Arriving at the emergency, we were taken to a procedure room and seen by staff who were confident they’d have the hair off in a few minutes. After initial attempts were unsuccessful, it was decided that a numbing cream should be applied to give the staff a better chance of success. After numerous attempts by increasingly more senior doctors, a plastic surgeon was called in and the possibility of an operation under general anaesthetic was discussed.

Fortunately, the plastic surgeon was eventually able to remove the hair with just the use of a local anaesthetic, but Ciarán and I were kept in hospital overnight for observation and needed to follow up with the surgeon to ensure that circulation was fully restored to the toe. Thankfully he was totally fine!

Please be aware of the risk mummy’s

I shared the story on my Facebook page at the time to warn other parents of the real danger.

We probably can’t stop it happening all altogether, but I do want to make people aware that they need to treat it seriously.

While it isn’t possible to completely prevent toe tourniquet problem, the risks can be mitigated.

Most importantly, trust your gut. If your instinct tells you that something is wrong with your baby, check them. Check every little bit of them.

Don’t be paranoid parents. Try to avoid it, but if it happens, don’t wait, get treatment. The longer you leave it, the more serious it gets.

What is toe (or hair) tourniquet

Hair tourniquet is a condition where a strand of hair or thread of cotton becomes tightly wrapped around most commonly a toe, and occasionally a finger, genitals, or other body parts. This results in pain and swelling of the affected part. Complications can include tissue death due to lack of blood flow.

Most children who suffer from toe tourniquet syndrome are between the ages of four days to 19 months old and usually present to doctors inconsolably crying and in obvious pain and distress.

What are the symptoms of toe (or hair) tourniquet syndrome?

Your little one will be very unhappy and inconsolable, including excessive crying and irritability.

You may notice redness or swelling on a finger, toe or another body part. The area may be tender and cause pain and discomfort.

Prevention, tips and tricks to remove hair

I suggest you avoid using socks on babies and that onesies should be the preferred option. However, some babies – like Ciarán – have such long legs that onesies don’t fit and in those circumstances, socks might be needed. If you are using socks, always check the inside for loose threads and hairs.

Tips for toe tourniquet

Firstly please remember don’t wait to get treatment if it looks like circulation is at risk. The longer you leave it, the more serious it gets.
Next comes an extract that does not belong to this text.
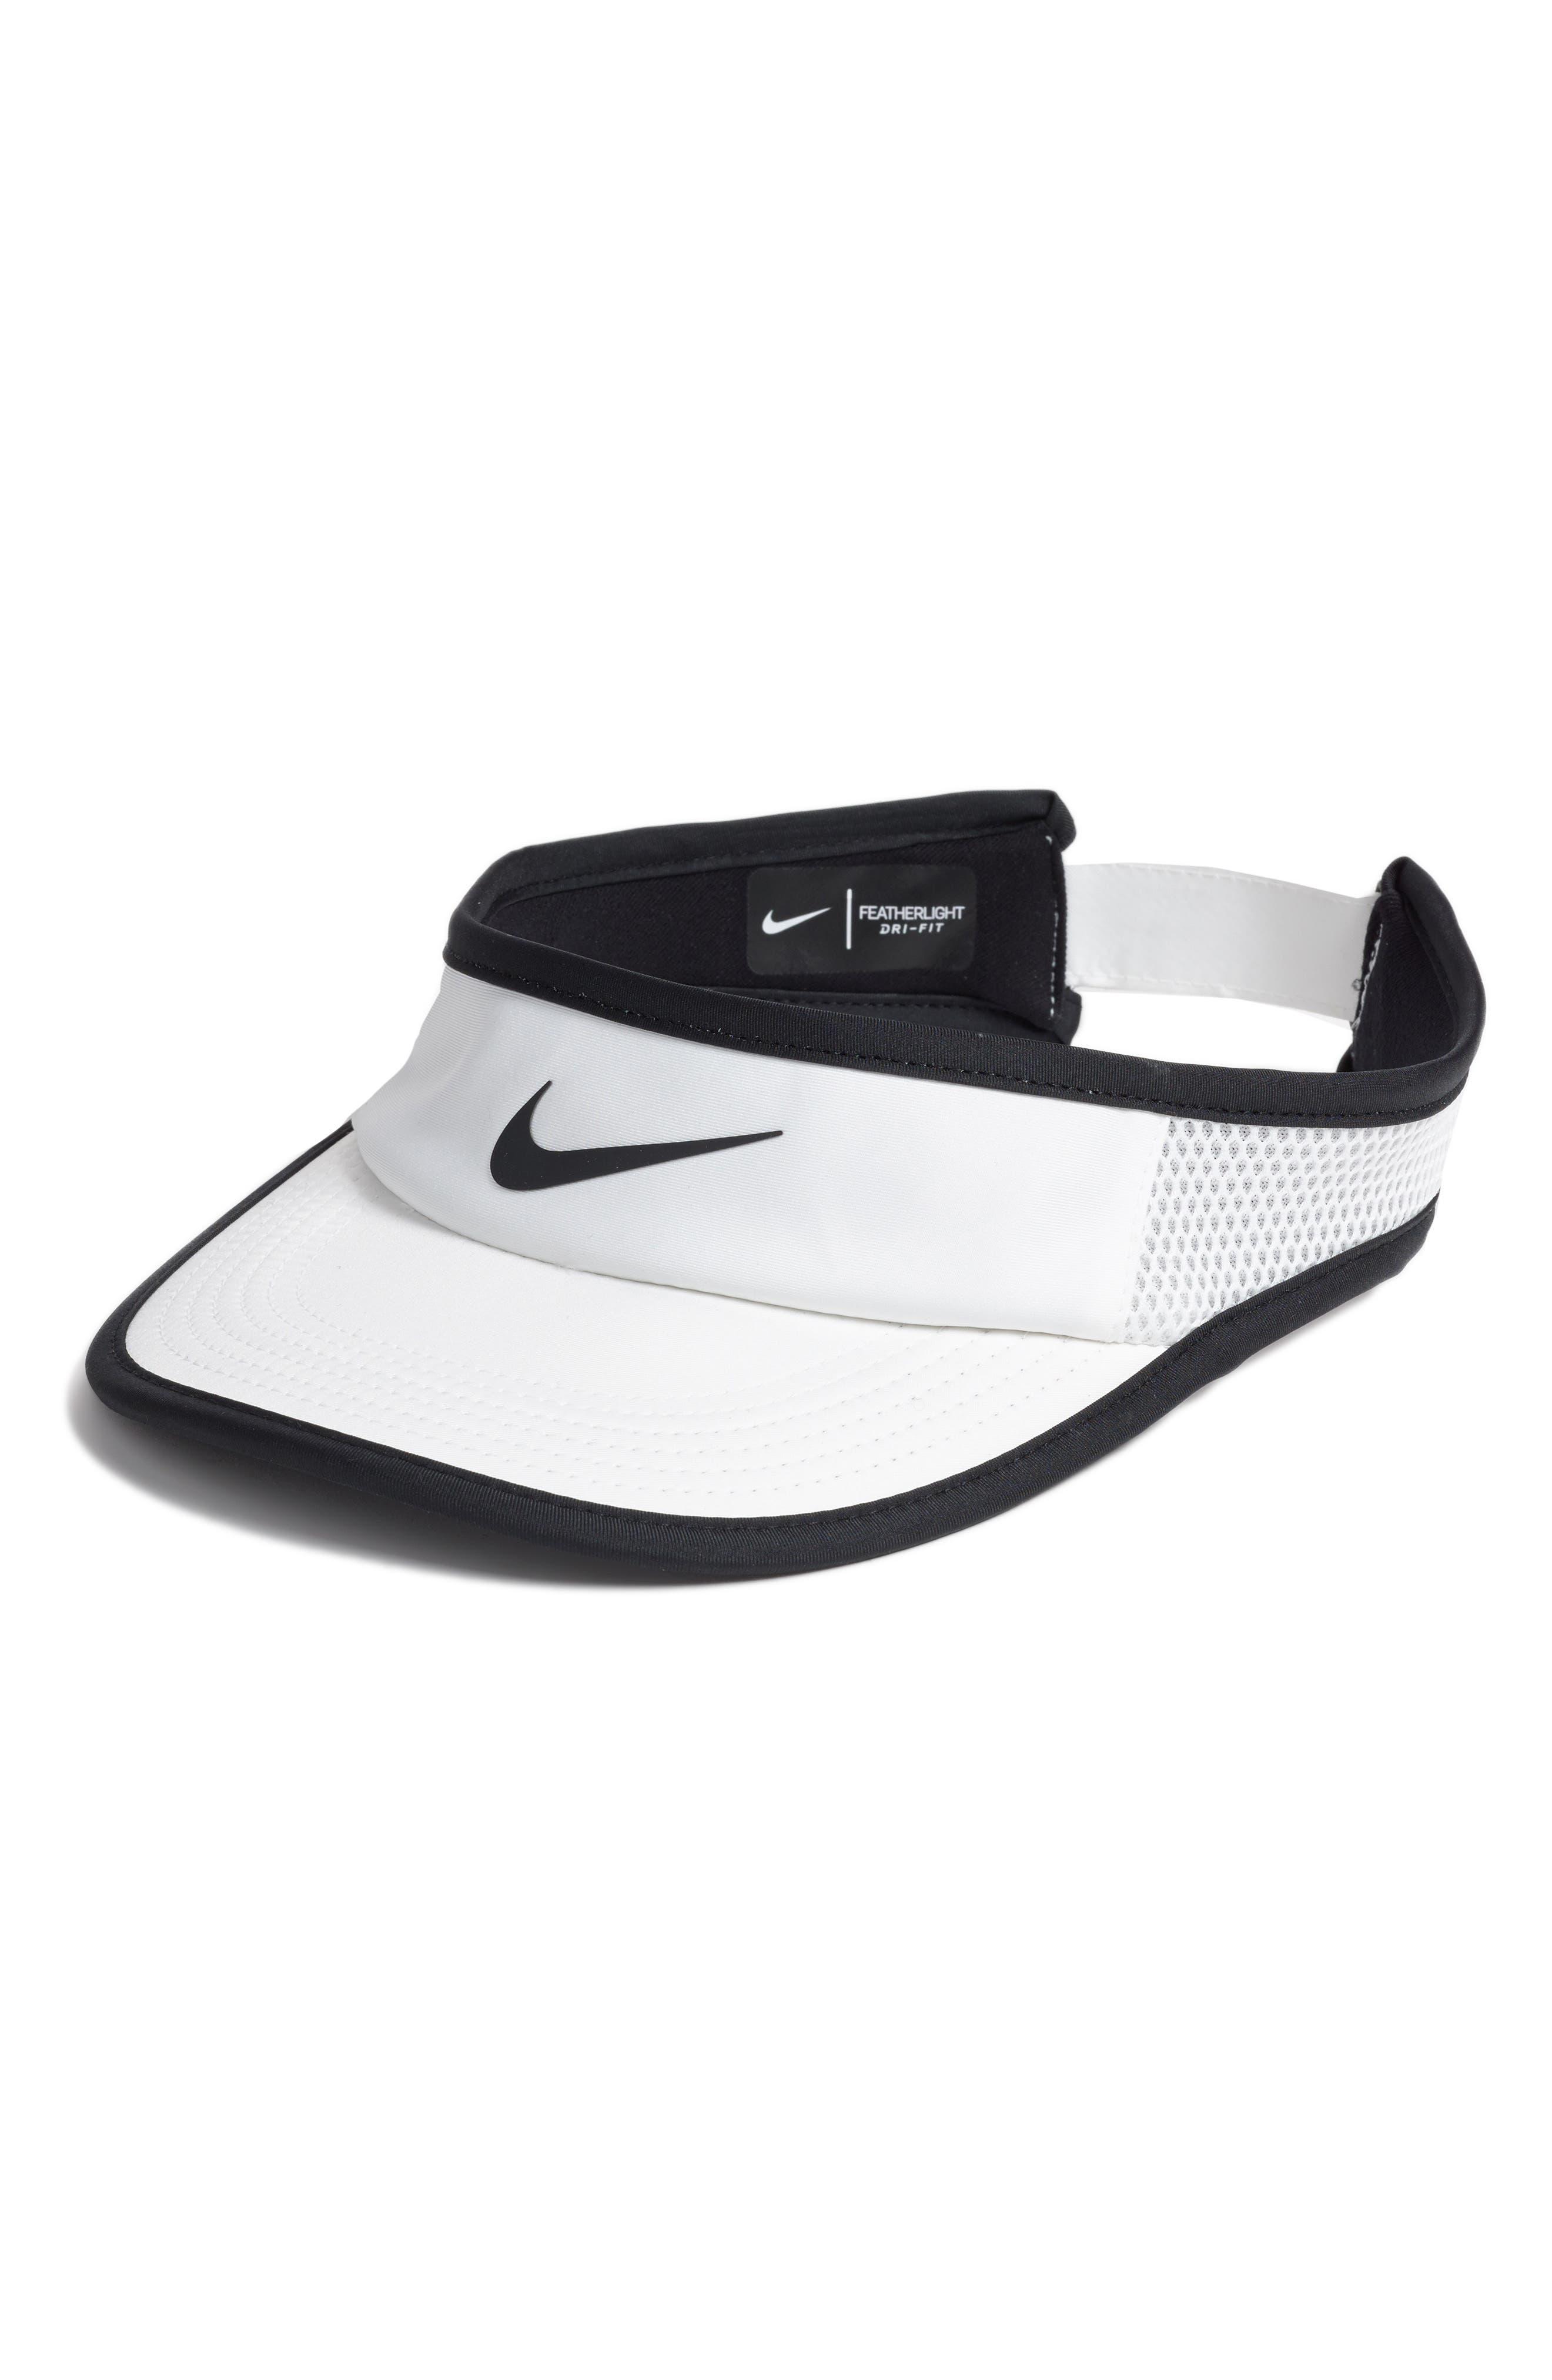 Court AeroBill Tennis Visor,                         Main,                         color, White/ White/ Black/ Black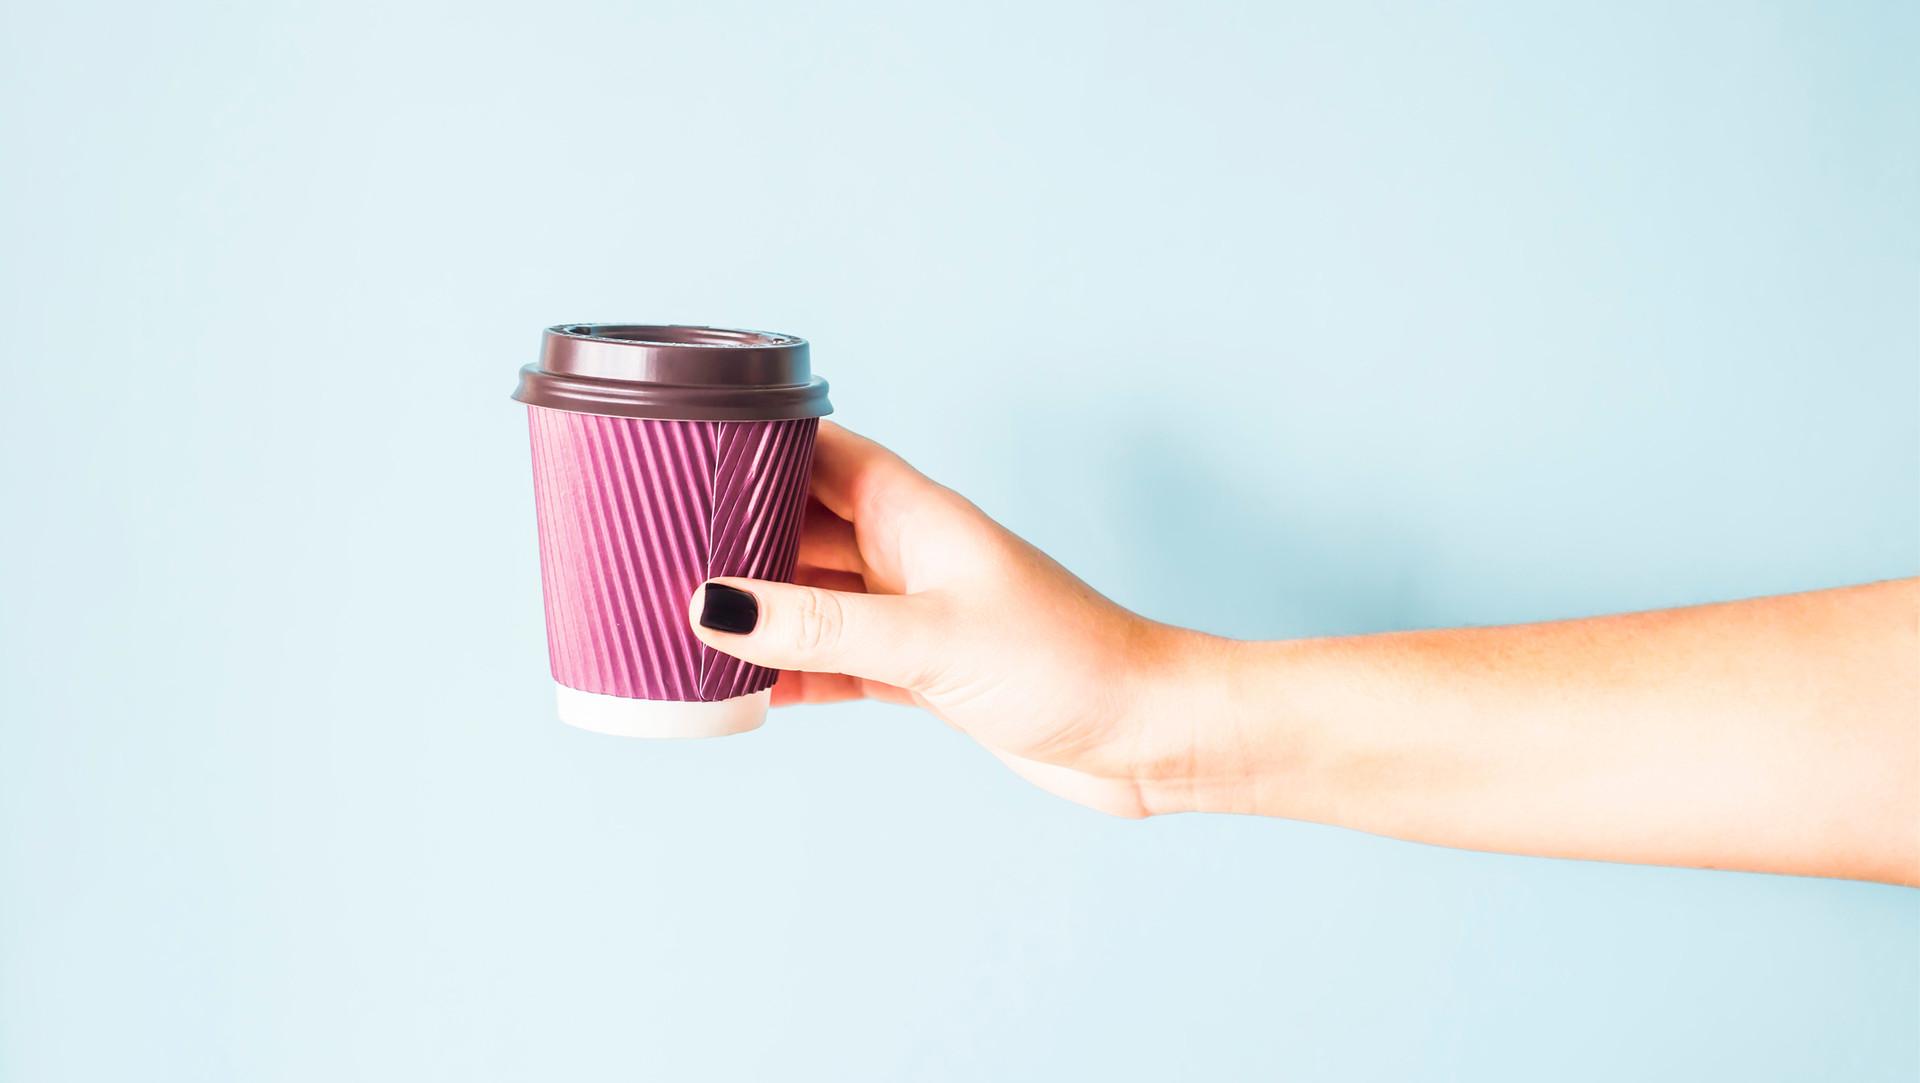 Исследование: кофе меняет структуру мозга человека

You can try to unwind the hair yourself or use a blunt object to help enable you to snip the hair and remove it.

Another great trick is to try hair removal cream. Apply the cream on the area and wait 10 mins for the hair to easily break away. (only if circulation is looking OK still of course!)

I wish I had known the hair removal cream tip 9 years ago. I could have used hair removal cream, yes it is a chemical but it would have been faster and easier than an overnight stay in the hospital.


You can prevent hair tourniquet syndrome by being aware of the condition.

If you’ve recently had a baby, you may notice an increase in hair loss. Make sure you take steps to reduce your baby’s contact with loose hairs.

  • Brushing your hair often to make sure loose strands don’t fall out near your baby.
  • Tying your hair back with an elastic band while you’re taking care of your baby.
  • Checking your baby’s fingers, toes and other appendages frequently to check for hairs and threads.

Also avoid dressing your baby in mittens and older clothing that may have loose threads. If your baby likes to pull on your hair, gently direct their attention to a toy or another object.

Remember when your baby is following the Save our sleep routine they are also safer and happier, as you will notice much quicker when there is a problem and something is not usual behaviour for them.